Пия улыбнулась, глядя на эти необычные дружеские отношения животных, и почувствовала, как от нее уходят стресс и напряжение дня.

– Кстати, о диктатуре, – она сделала глоток пива. – Сегодня мы испытали настоящий удар. Классический случай доносительства в лучшей манере «штази»[13], и это в Глазхюттене.

– Звучит увлекательно.

– Прежде всего жестоко.

Пия, которая считала, что ее, на самом деле, ничего больше не может потрясти, все еще была вне себя из-за неизмеримой низости людей.

– Нам позвонила старая супружеская пара из Глазхюттена, – стала рассказывать она Кристофу. – Их соседи якобы вот уже на протяжении полугода прятали в своем доме девушку, которую мы обнаружили в Майне, и использовали ее в качестве служанки. Бедное создание вынуждено было выполнять унизительную работу, и ее никогда не выпускали из дома.

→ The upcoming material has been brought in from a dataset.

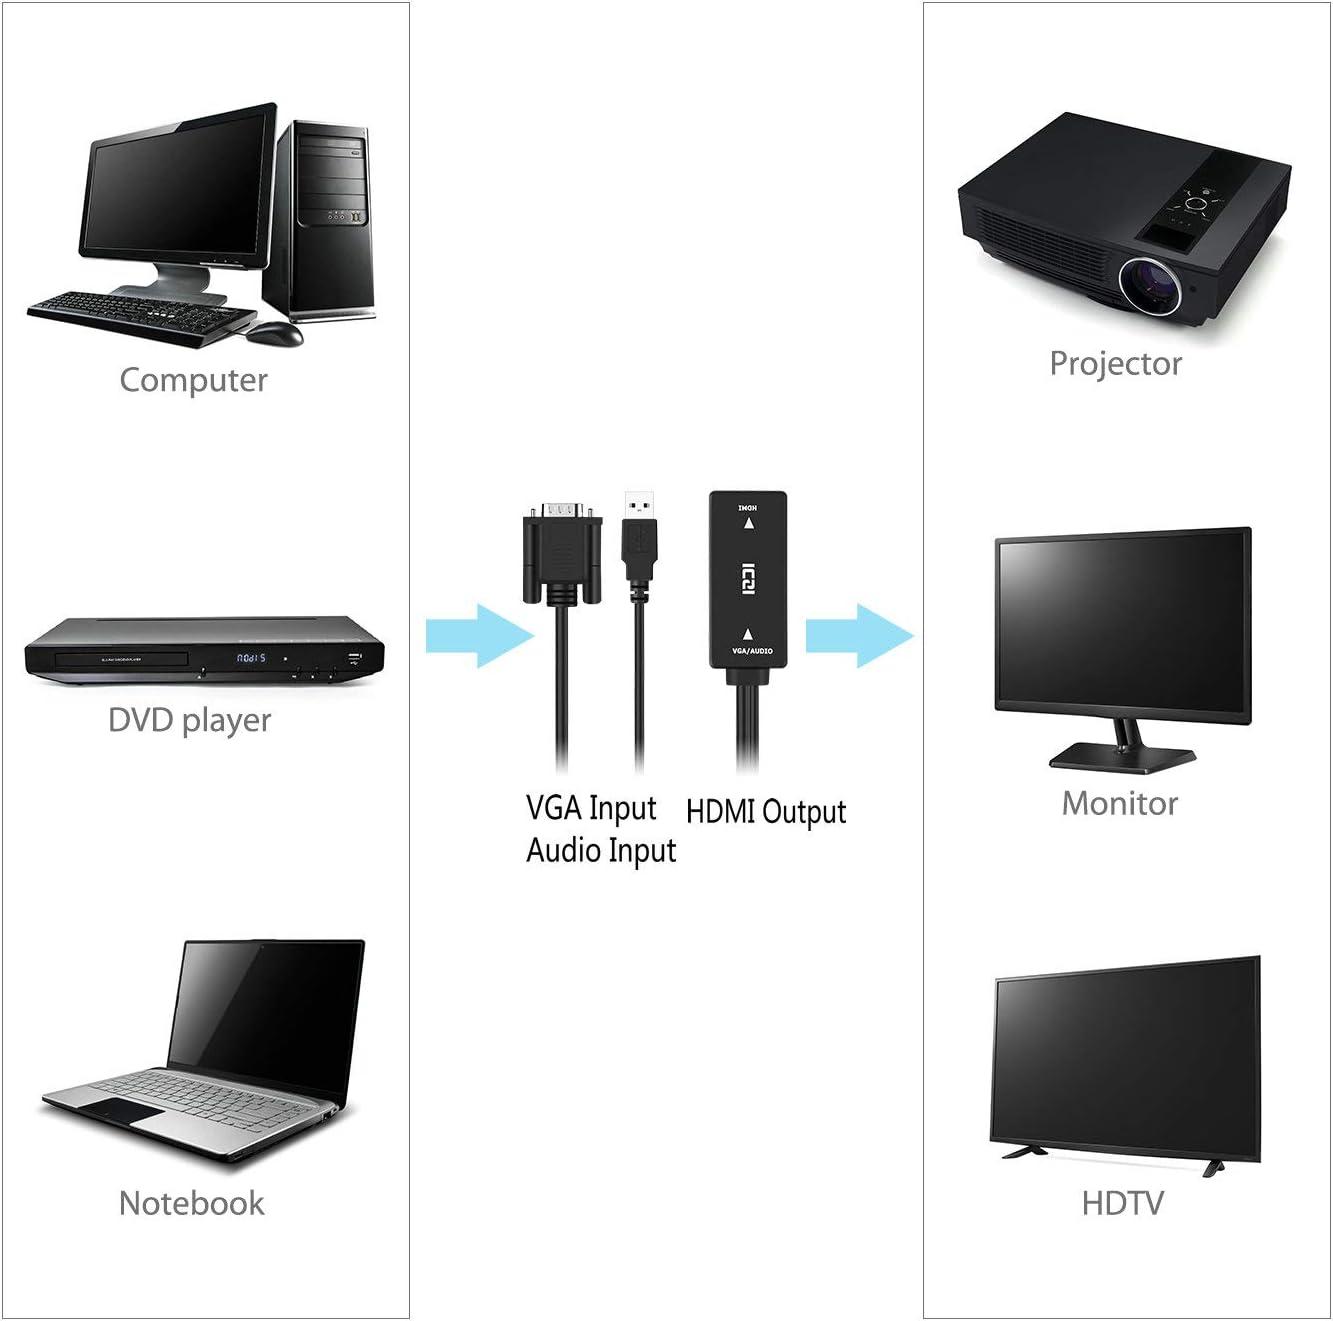 ICZI Adaptador conversor VGA a HDMI con audio (macho a hembra, 1080p) con puertos USB para conectar PC, computadora portátil al proyector, HDTV, pantalla y monitor Negro: Amazon.es: Electrónica

Она была бледной, как альбинос. А пару дней назад она исчезла.

Вспоминая всю эту историю, она покачала головой.

– Старики рассказывали нам настоящие ужасы. Жестокое обращение, ночные сексуальные тусовки, крики, оргии с побоями. В ночь со вторника на среду они видели, как сосед грузил труп в багажник своего автомобиля. Оливер спросил, почему они не заявили об этом в полицию, но они ответили, что боялись, потому что мужчина способен применить грубую силу. Тогда мы подъехали к дому и позвонили, для подкрепления взяли четверых коллег из полицейского наряда. Нам открыла женщина с ребенком на руках. Господи, как было неловко! – Пия закатила глаза. – Передо мной оказалась моя бывшая одноклассница Мони, с которой я недавно встретилась на вечере выпускников! Она простодушно улыбалась, радуясь нашей случайной встрече. Я готова была провалиться сквозь землю от стыда!